Design a non-deterministic finite automaton (NFA) over the alphabet Σ = {0, 1}…
2025
Design a non-deterministic finite automaton (NFA) over the alphabet Σ = {0, 1} that accepts the language:
L = { w | w ends with 01 or 10 }
Once the NFA is constructed, convert it into an equivalent Deterministic Finite Automaton (DFA) using the subset construction method. Clearly label the states and transitions in your DFA.
Show answer & explanation
The language is L = {w ∣ w ends with 01 or 10} over alphabet Σ={0,1}.

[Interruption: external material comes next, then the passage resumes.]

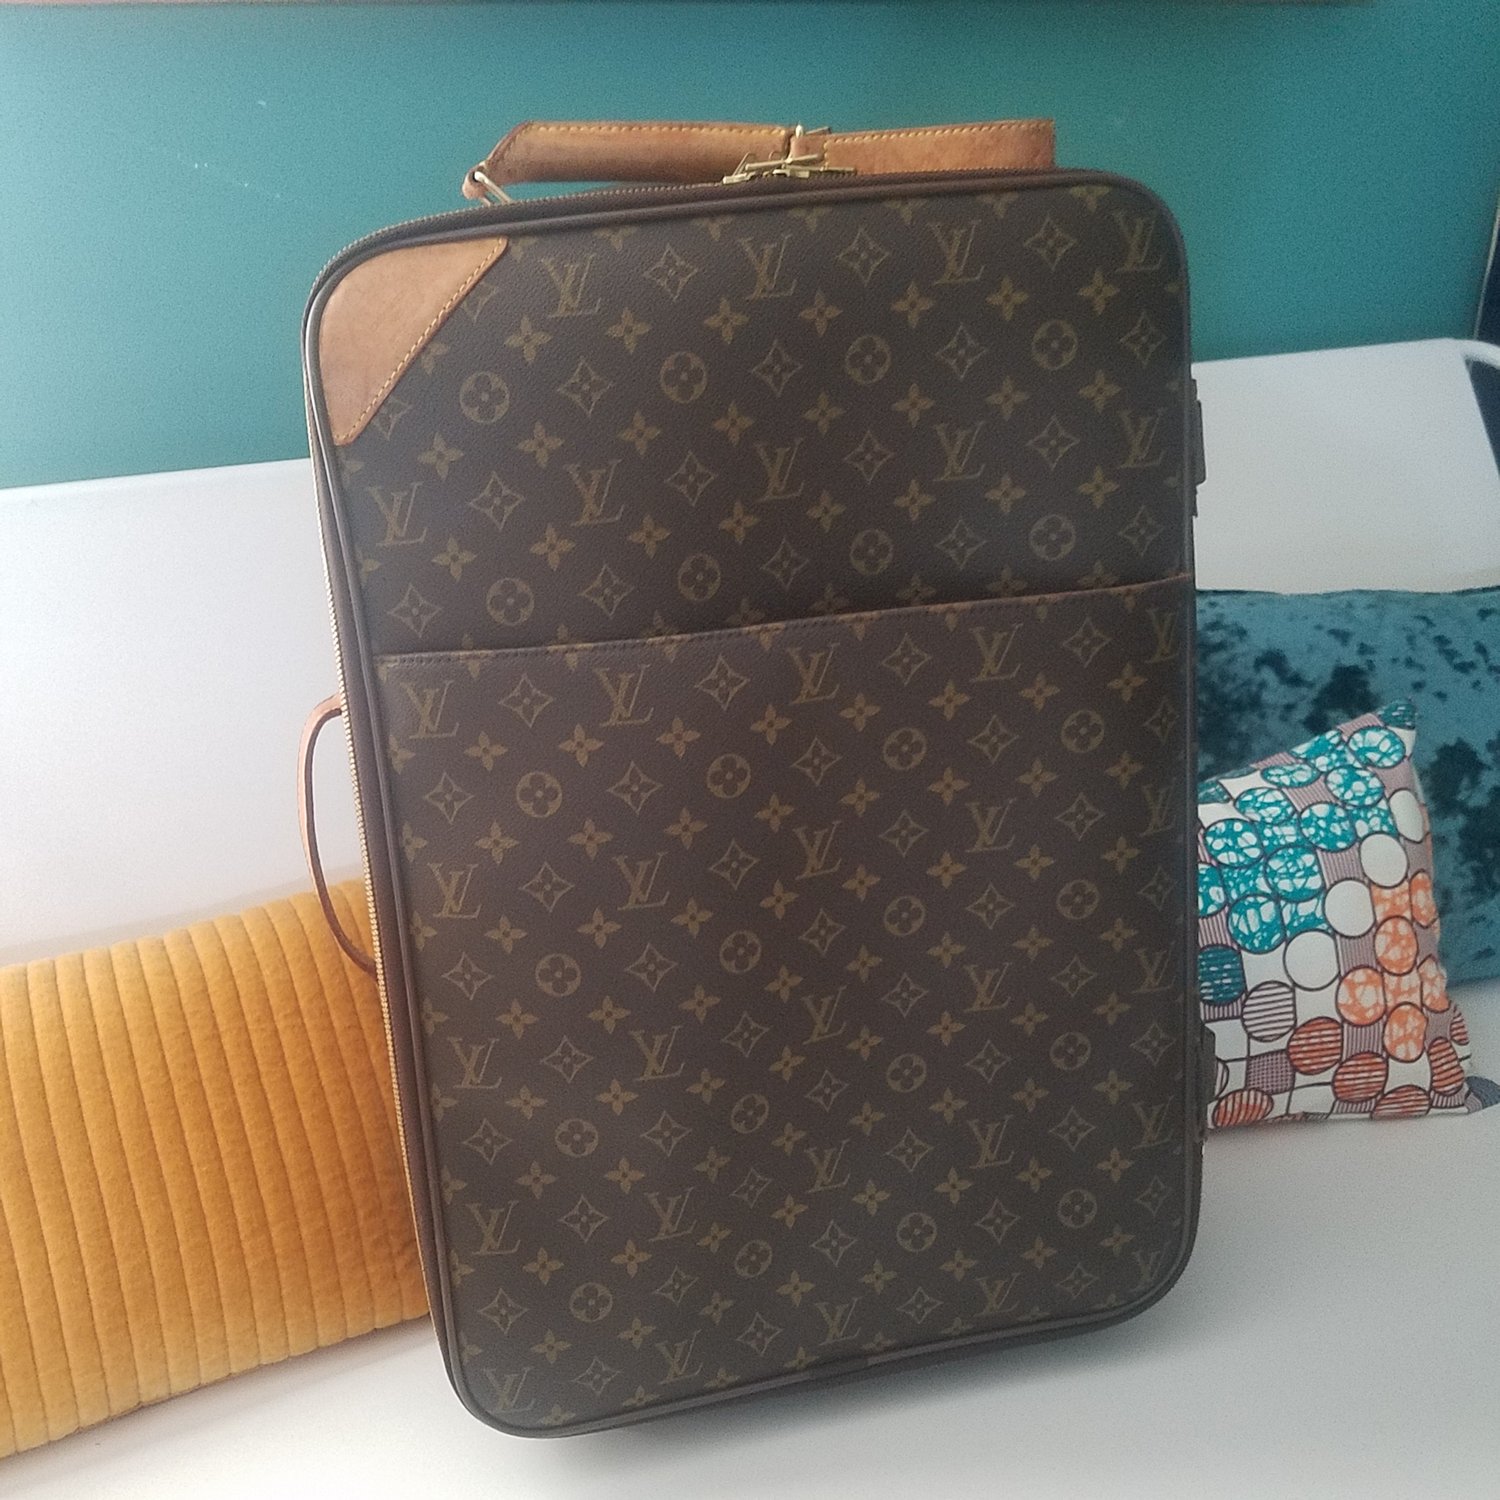 Louis Vuitton Monogram Pegase 55 Rolling Luggage at Jill's Consignment

Thus, a string is accepted only if its last two symbols are different.
NFA Construction
Let the NFA be M=(Q,Σ,δ,q0,F)
Q = {q0, q1, q2, q3}
Σ = {0,1}
Start state = q0
Final state = {q3}

Explanation
State q0 scans the string.
If 0 appears, the NFA guesses that pattern 01 may occur → moves to q1.
If 1 appears, it guesses 10 → moves to q2.
Transition q1 →1→ q3 completes 01.
Transition q2 →0→ q3 completes 10.
q3 is the accepting state since the string ends with 01 or 10.
Subset Construction (NFA → DFA)
Start state = {q0}
DFA State | Input 0 | Input 1 |
|---|---|---|
{q0} | {q0,q1} | {q0,q2} |
{q0,q1} | {q0,q1} | {q0,q2,q3} |
{q0,q2} | {q0,q1,q3} | {q0,q2} |
{q0,q2,q3} | {q0,q1,q3} | {q0,q2} |
{q0,q1,q3} | {q0,q1} | {q0,q2,q3} |
Accepting DFA states:
Any subset containing q3, i.e. {q0,q2,q3} and {q0,q1,q3}.

Conclusion
Using the subset construction method, the nondeterministic choices of the NFA are replaced by deterministic state sets. The resulting DFA correctly accepts all binary strings whose last two symbols are 01 or 10, making it equivalent to the original NFA.